CTRL-C + CTRL-V = DANGER

Cut-and-paste is as basic a technique as there is in word processing. But with electronic health records (EHRs), that simple maneuver is becoming a danger as repetitive orders, outdated diagnoses, and other inaccurate information is just moved forward unwittingly.

“It’s almost ubiquitous in many cases,” says Kendall Rogers, MD, CPE, SFHM, chief of the division of hospital medicine at the University of New Mexico Health Sciences Center in Albuquerque and chair of SHM’s Information Technology Committee. “Certainly, almost every note that I see in our EHR has some portion of cut-and-paste in it.”

The phenomenon is one borne of a simple workaround. Much of the daily note input on an admitted patient’s screen is repetitive and time-consuming, says hospitalist Cheng-Kai Kao, MD, medical director of informatics at the University of Chicago Medicine. So it might seem to make sense to reuse yesterday’s note today.

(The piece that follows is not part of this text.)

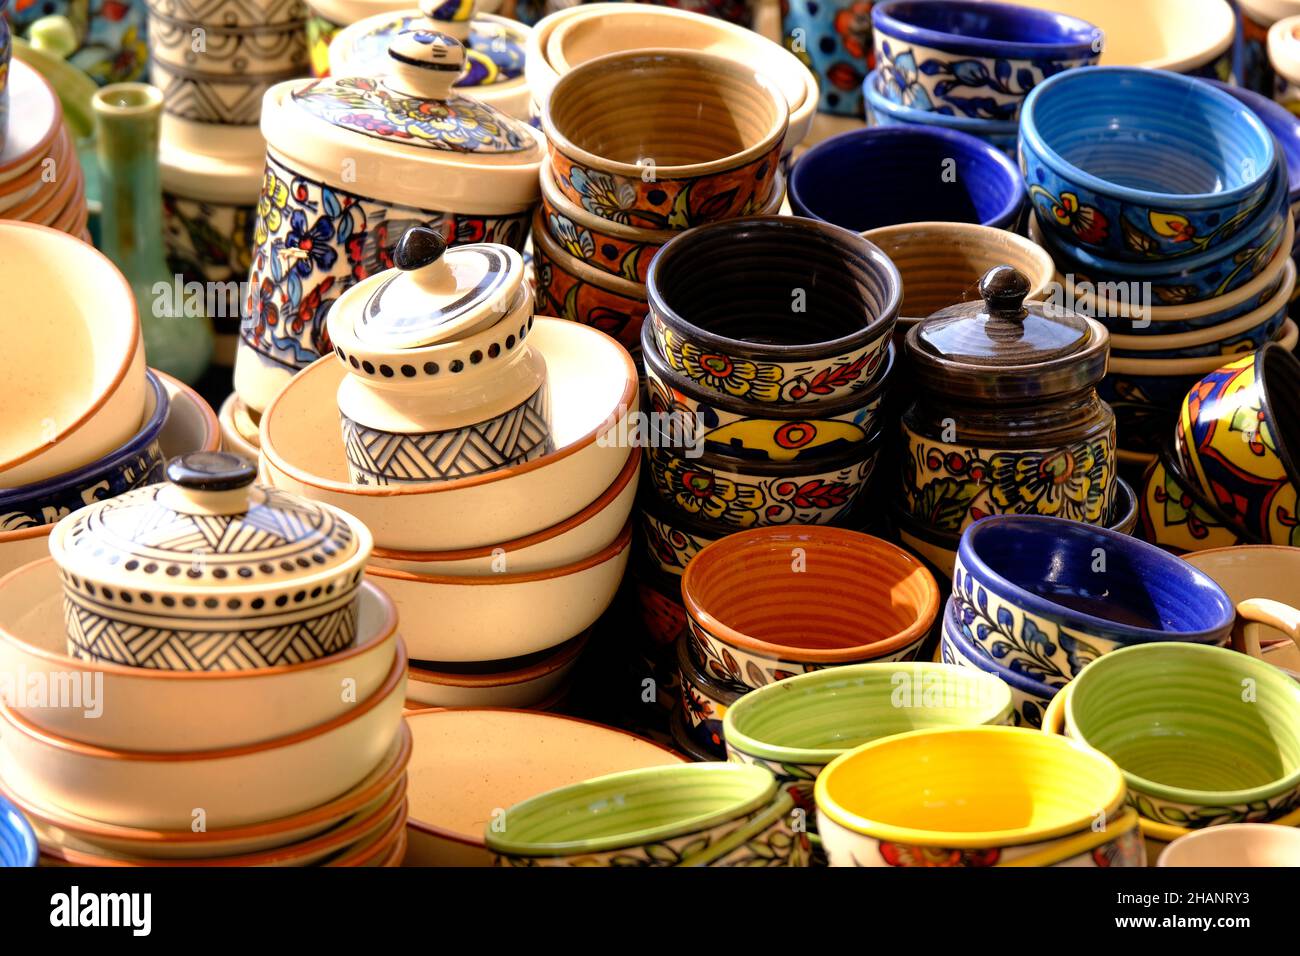 Ein Straßenladen mit orientalischer Keramik. Teekannen, Teller und Schüsseln. Schüsseln, Teller und Teetassen im Souvenirladen in Pune, Verkauf während des Festivals, Traditiona Stockfoto

But if the note called for a test or a treatment, mistakes can happen.

Dr. Kao

“We are trying to create new note templates that allow extracting discrete data for billing and research purposes,” Dr. Kao says. “We don’t allow [users] to copy easily, but we do try to make it much easier for them to write a note. So they wouldn’t be copying exactly the same notes from yesterday, but in the meantime, they are able to put in some meaningful information each day.”

Put more simply: “When the right things are made easier to do, people tend to do the right thing. And that is our goal.”

Dr. Rogers suggests keeping the dangers of cut-and-paste errors front of mind and, similar to other EHR documentation issues, lobbying for improvements to the system itself.

“Copy-and-paste is our workaround for poorly designed documentation systems,” he adds. “That does not make it right to use it, but the way to eradicate it is to build better systems that allow documentation to become a part of providing care.”